We would be working with the strings using a series of question answers.

How do we define a String in C?

We can define a String in C as

char str[arr_size];

This will create an array named str of characters of size arr_size.

How do we create a string with value initialized in it?

char str[]="OpenGenus";

This will create a character array named str of size 9 which is the size of "OpenGenus". The array str would be initialized with the values in "OpenGenus".
Another way to define string is

char str[100]="OpenGenus"

In this case, an array named arr of size 100 would be created and only the first 9 characters would be initialized with the value in the string "OpenGenus". All the remaining characters in the array would be having an arbitrary value.

Okay, if a long array of characters is initialized with small string, how do we get to know that the string has terminated?

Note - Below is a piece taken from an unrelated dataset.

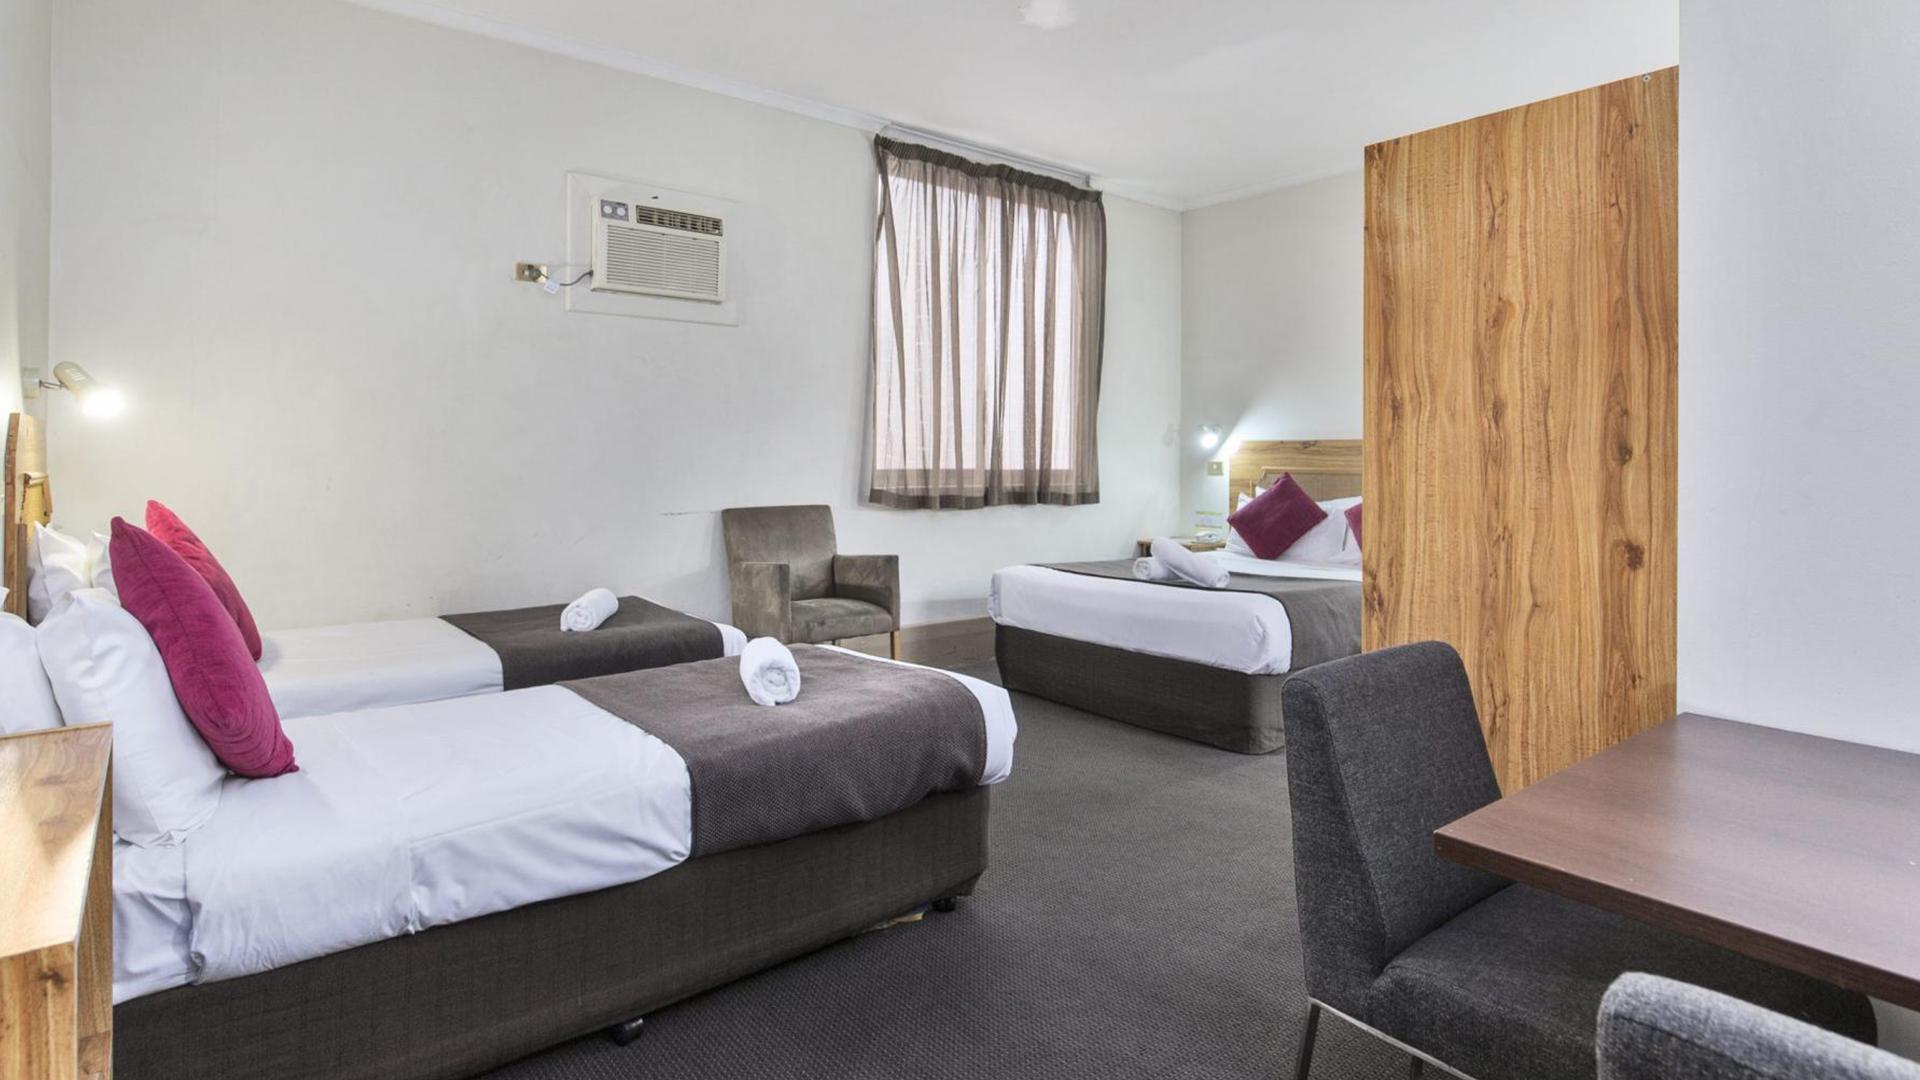 Family Room image 1 at Adelaide Paringa by Adelaide City Council, South Australia, Australia

In a string, represented as an array of characters, the last character is represented as \0. This represents the termination of a string. Even if an array has more characters after \0, they are not considered to be in the string. For example:-

char str[]="OpenGenus";
str[4]='\0';

Initially, the string str had the value as "OpenGenus". But on changing the value of the str[4] character with \0, now the string str represents only "Open".

Why is \0 needed?

Consider this example of creating a string.

char str[50]="OpenGenus";

Now, in this case, it has created an array of size 50, but only the first 10 characters are assigned the characters from "OpenGenus". So, if I need to do a basic operation like printing the string or getting the string size, I need to know where the string is ending. That's when we need \0. We can traverse through the array until I find \0 and that would be the ending of my string and no more further.

How do we print a string?

Okay, from the basic understanding of a string as an array of characters, we can print it as follows:-

#include<stdio.h>
int main(){
    char str[]="Open Genus";
    int i=0;
    while(str[i]!='\0'){
        printf("%c",str[i]);
        i++;
    }
}

But, there is a better way too.
Although a string does not have any built-in data-type to store sting, it has access specifier to represent a string. You can print it like this as well it as follows:-

char str[]="Open Genus";
printf("%s",str);

Here, the role of \0 becomes even more important, the string will be printed till the point it sees \0.
For example:-

#include<stdio.h>
int main(){
    char str[]="OpenGenus";
    printf("%s",str);//output=>"Open Genus"
    printf("\n");
    str[4]='\0';//the ' ' is converted to '\0'
    printf("%s",str);//output=>"Open"
    printf("\n");
}

How do I take a string as input from the user?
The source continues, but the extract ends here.